Summary. The paper proposes Background Embedding Memory (BEM), a lightweight training-free module attachable to pretrained detectors (YOLO and RT-DETR families) for fixed-background cameras. BEM estimates clean background embeddings from incoming frames, maintains a prototype memory, and applies an inverse-similarity rank-weighted penalty to detection logits to suppress false positives while preserving recall. It reports a negative correlation between background-frame cosine similarity and object count, plus a positive correlation with Precision-Confidence AUC (P-AUC), and claims consistent FP reduction on LLVIP and simulated surveillance streams without compromising real-time performance. Code is released at the provided GitHub link.

Significance. If the central empirical claims hold, BEM offers a practical inference-only technique for improving detector robustness in dense, quasi-static surveillance and traffic scenes by exploiting label-free background priors, avoiding the need for domain-specific retraining. The training-free design and public code release are strengths that could facilitate adoption and further testing in real-time CV applications.

major comments (2)

[§3] §3: The prototype memory is updated directly from incoming frames without an explicit mechanism (temporal filtering, statistical outlier rejection, or foreground masking) for separating background from foreground. In the high object-density surveillance scenarios highlighted in the introduction, persistent or slow-moving objects risk contaminating the background embeddings; this could either suppress true static detections or fail to penalize spurious ones, directly threatening the reported P-AUC gains.
[Experiments] Experiments section: The abstract states consistent FP reduction and a background-similarity correlation with object count/P-AUC across YOLO/RT-DETR on LLVIP and simulated streams, yet no quantitative tables, per-scenario ablations on object density, or error bars are referenced; without these, it is impossible to verify whether the gains are robust or load-bearing for the central claim.

minor comments (2)

[Abstract] Abstract: The term 'simulated surveillance streams' is used without describing the simulation procedure, camera parameters, or how it matches real fixed-background conditions.
Notation: The embedding memory update rule and the exact form of the rank-weighted inverse-similarity penalty would benefit from an explicit equation or pseudocode block in the method section to improve clarity.
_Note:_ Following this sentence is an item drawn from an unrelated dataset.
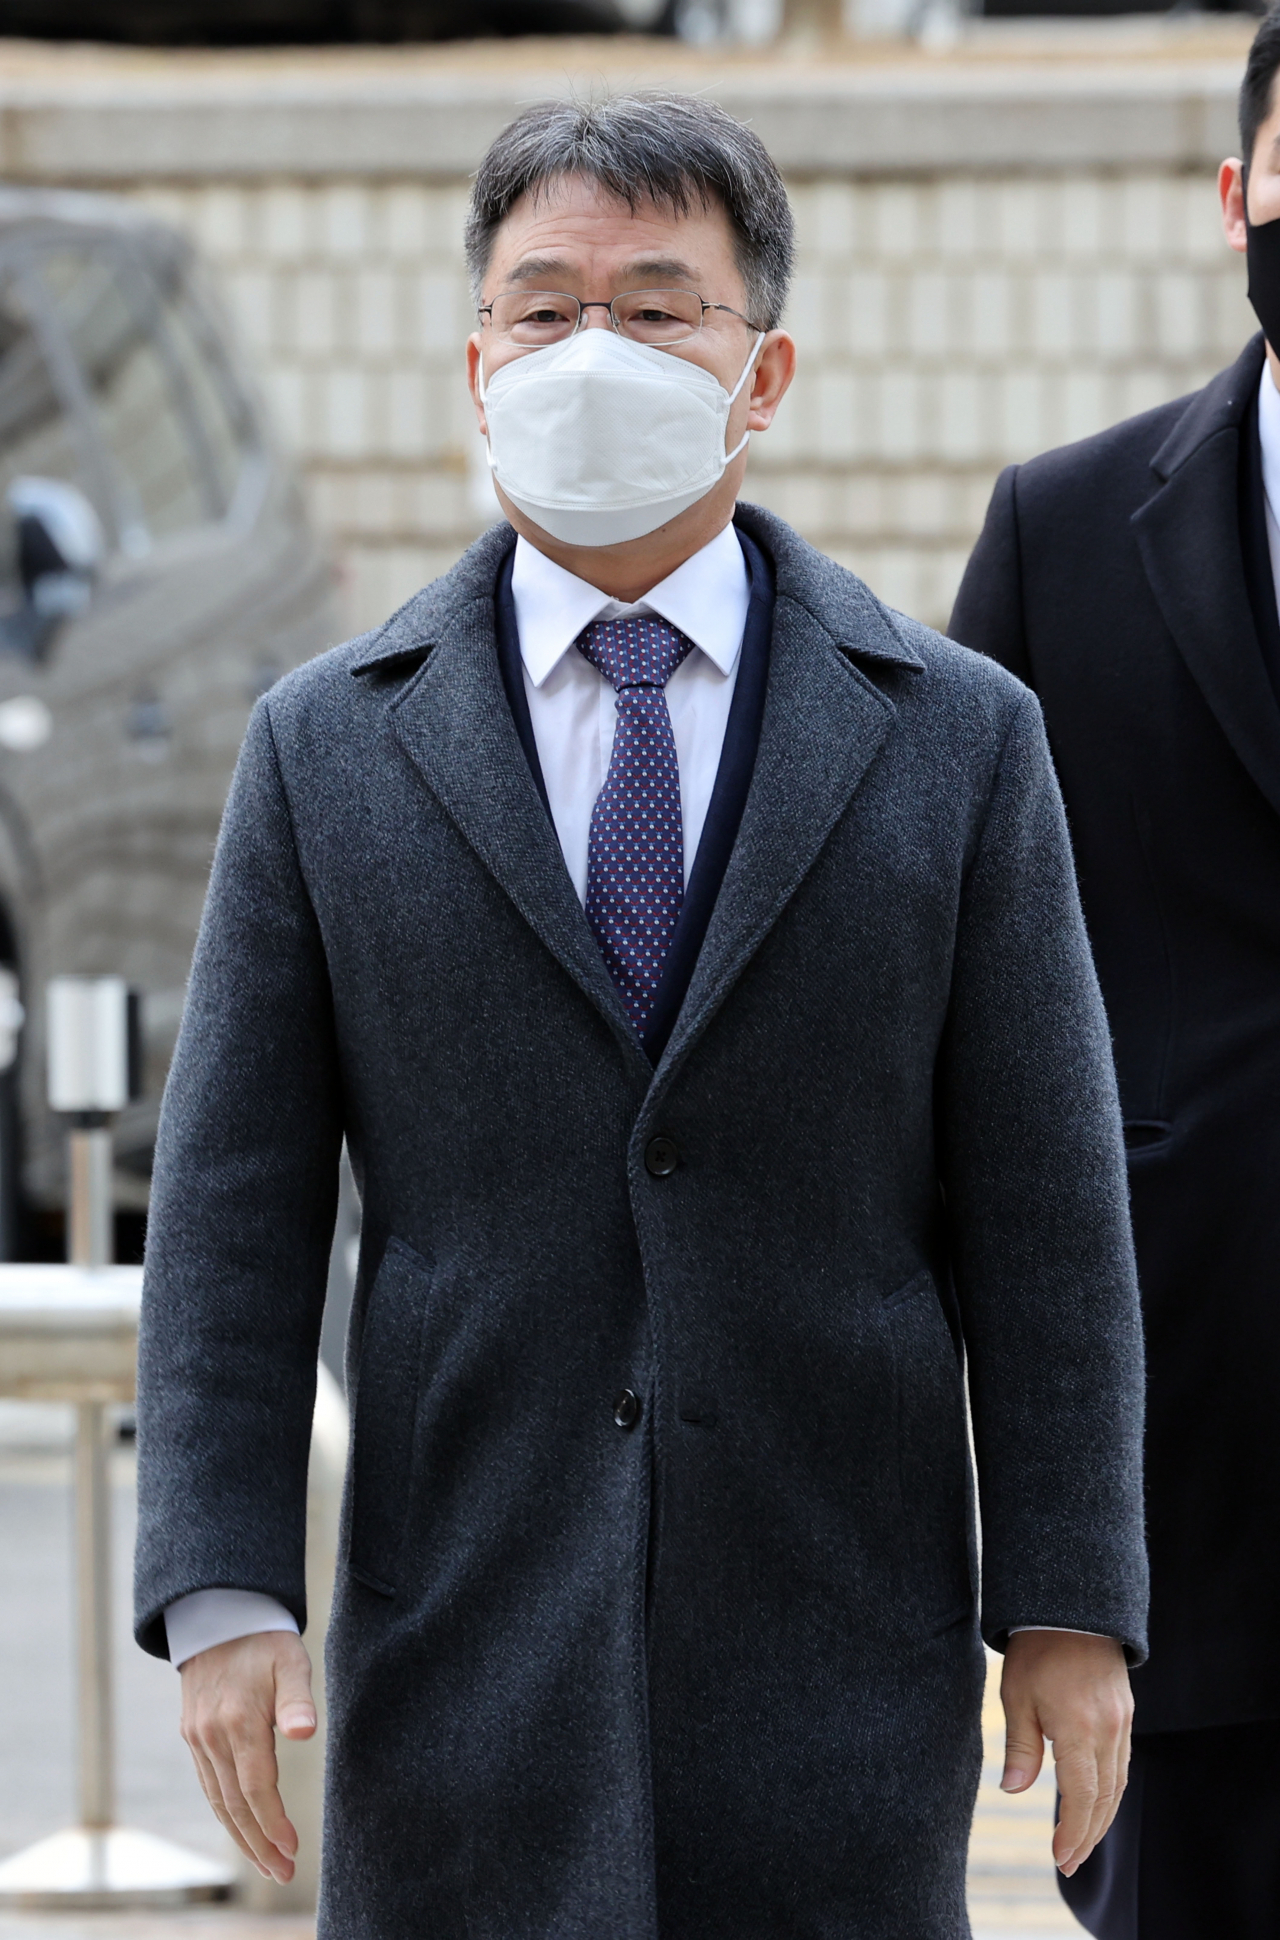 Kim Man-bae, the owner of the asset management company Hwacheon Daeyu, arrives at the Seoul Central District Court last Friday, to attend a hearing over a corruption scandal in connection to a highly lucrative land development project in Seongnam, Gyeonggi Province. (Yonhap)

Simulated Author's Rebuttal

2 responses · 0 unresolved

We thank the referee for the constructive and detailed feedback. We address each major comment below and outline revisions that will strengthen the empirical support and methodological clarity of the manuscript.
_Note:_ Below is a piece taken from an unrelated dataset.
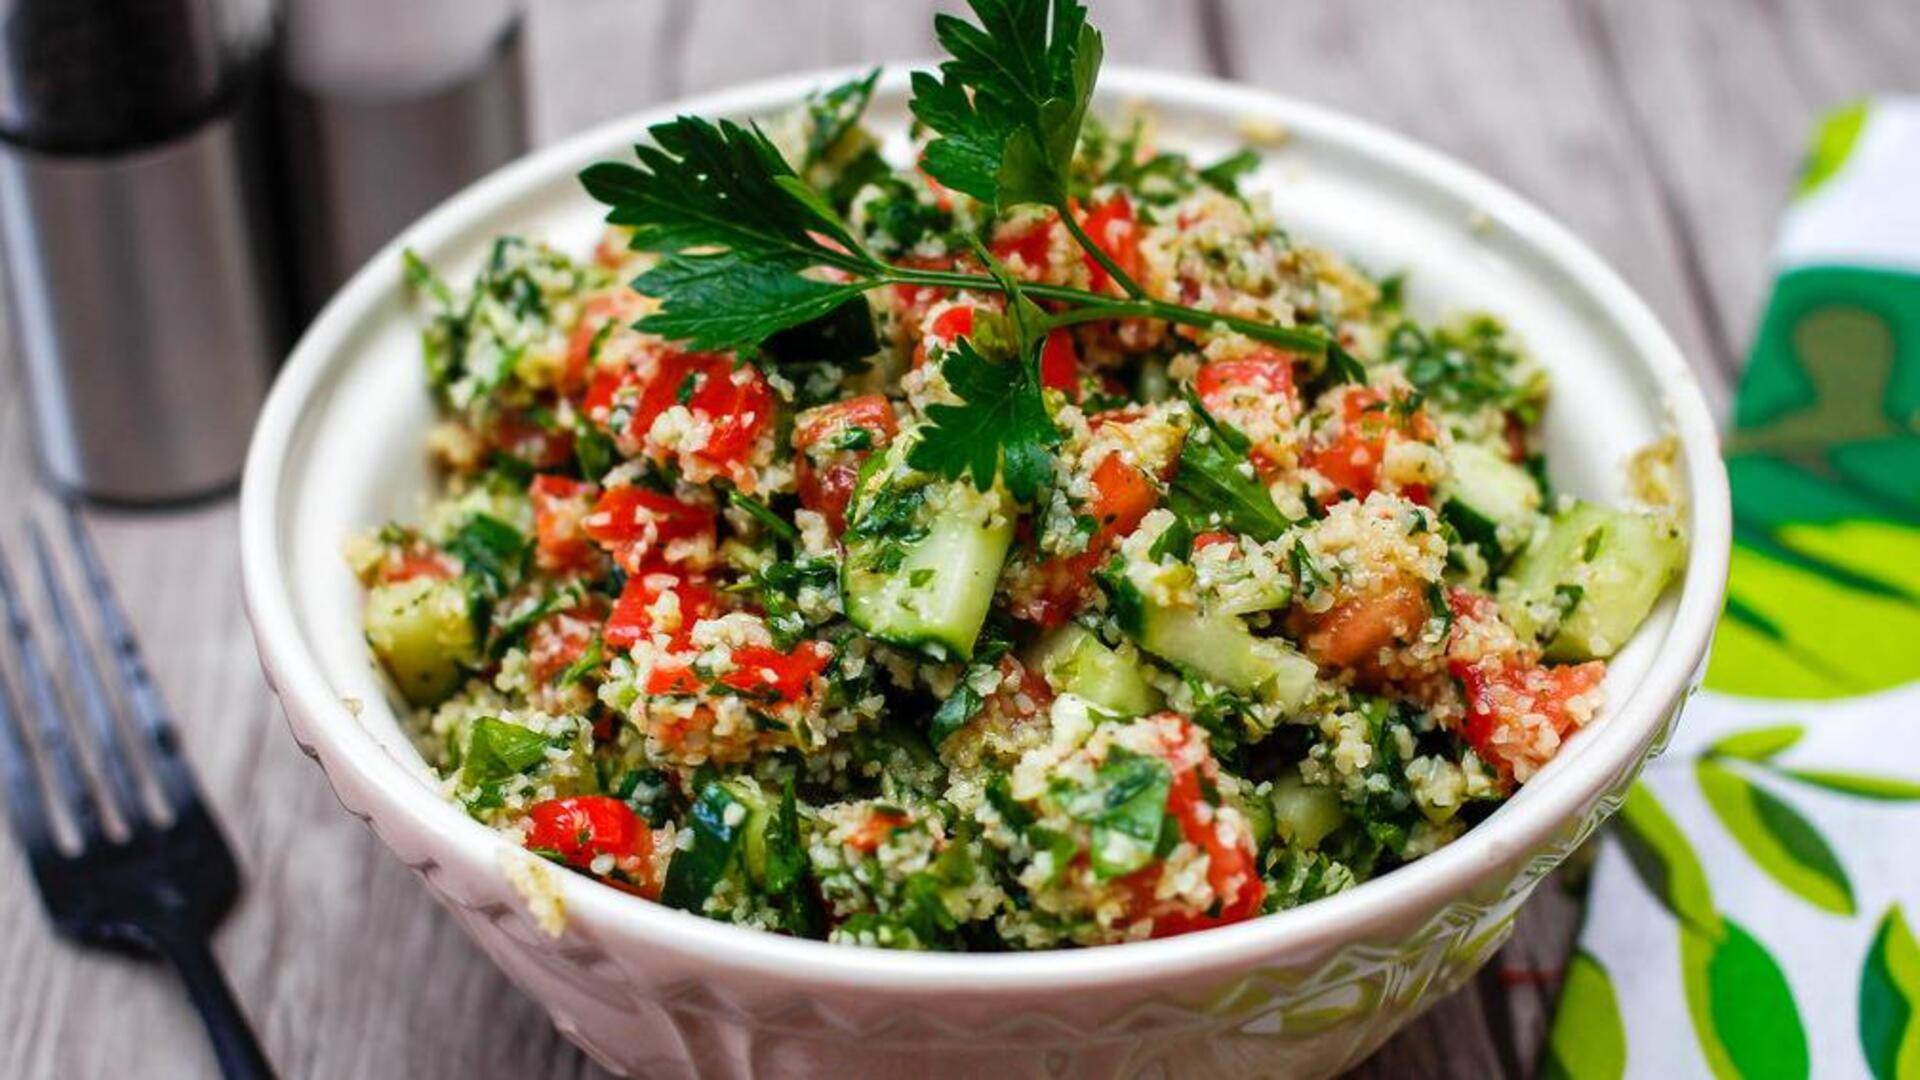 It's recipe time! Cook this traditional tabbouleh salad

read point-by-point responses

Referee: §3: The prototype memory is updated directly from incoming frames without an explicit mechanism (temporal filtering, statistical outlier rejection, or foreground masking) for separating background from foreground. In the high object-density surveillance scenarios highlighted in the introduction, persistent or slow-moving objects risk contaminating the background embeddings; this could either suppress true static detections or fail to penalize spurious ones, directly threatening the reported P-AUC gains.
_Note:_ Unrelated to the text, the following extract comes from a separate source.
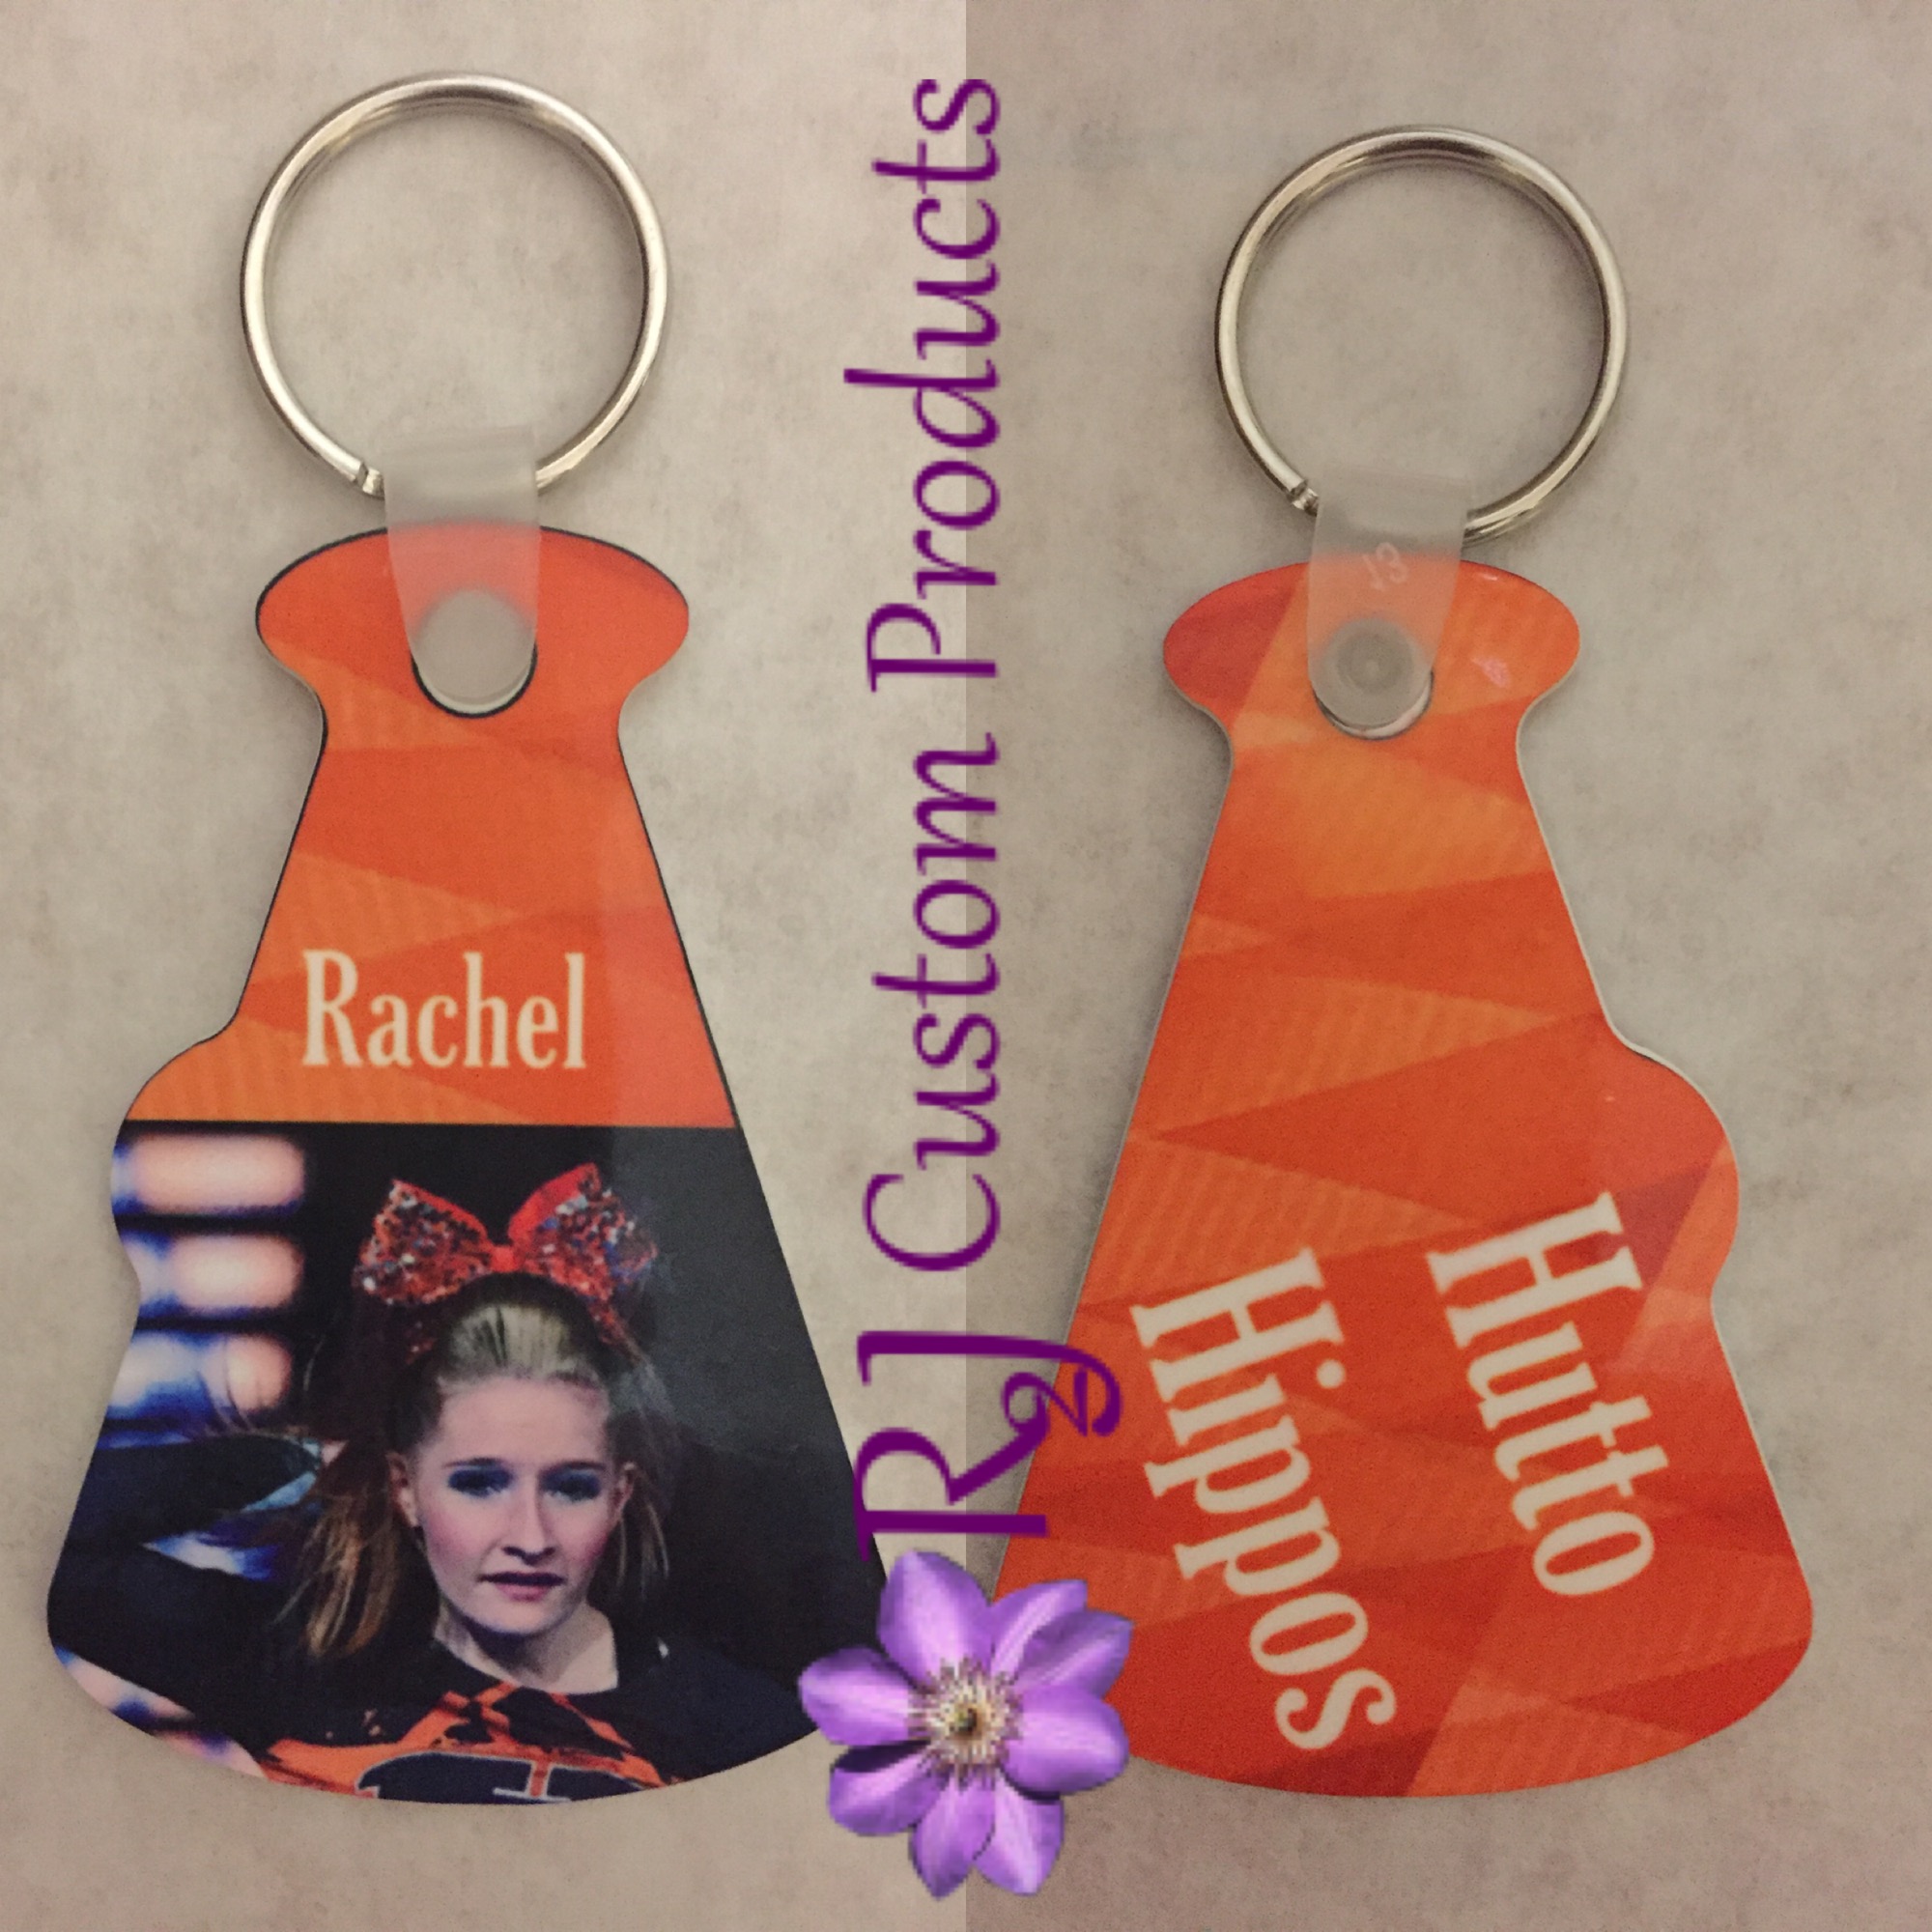 Cheer key tag made with sublimation printing

Authors: We agree that the absence of an explicit separation mechanism in the prototype update is a valid concern for high-density scenes. The current design relies on the background similarity metric to modulate penalty strength but performs direct averaging for memory maintenance. To address this, we will revise Section 3 to incorporate a lightweight temporal filtering step (exponential moving average with similarity-gated updates) and add a short ablation on embedding contamination under persistent objects. These changes will be accompanied by new results confirming that P-AUC gains hold under moderate density increases. revision: yes
Referee: Experiments section: The abstract states consistent FP reduction and a background-similarity correlation with object count/P-AUC across YOLO/RT-DETR on LLVIP and simulated streams, yet no quantitative tables, per-scenario ablations on object density, or error bars are referenced; without these, it is impossible to verify whether the gains are robust or load-bearing for the central claim.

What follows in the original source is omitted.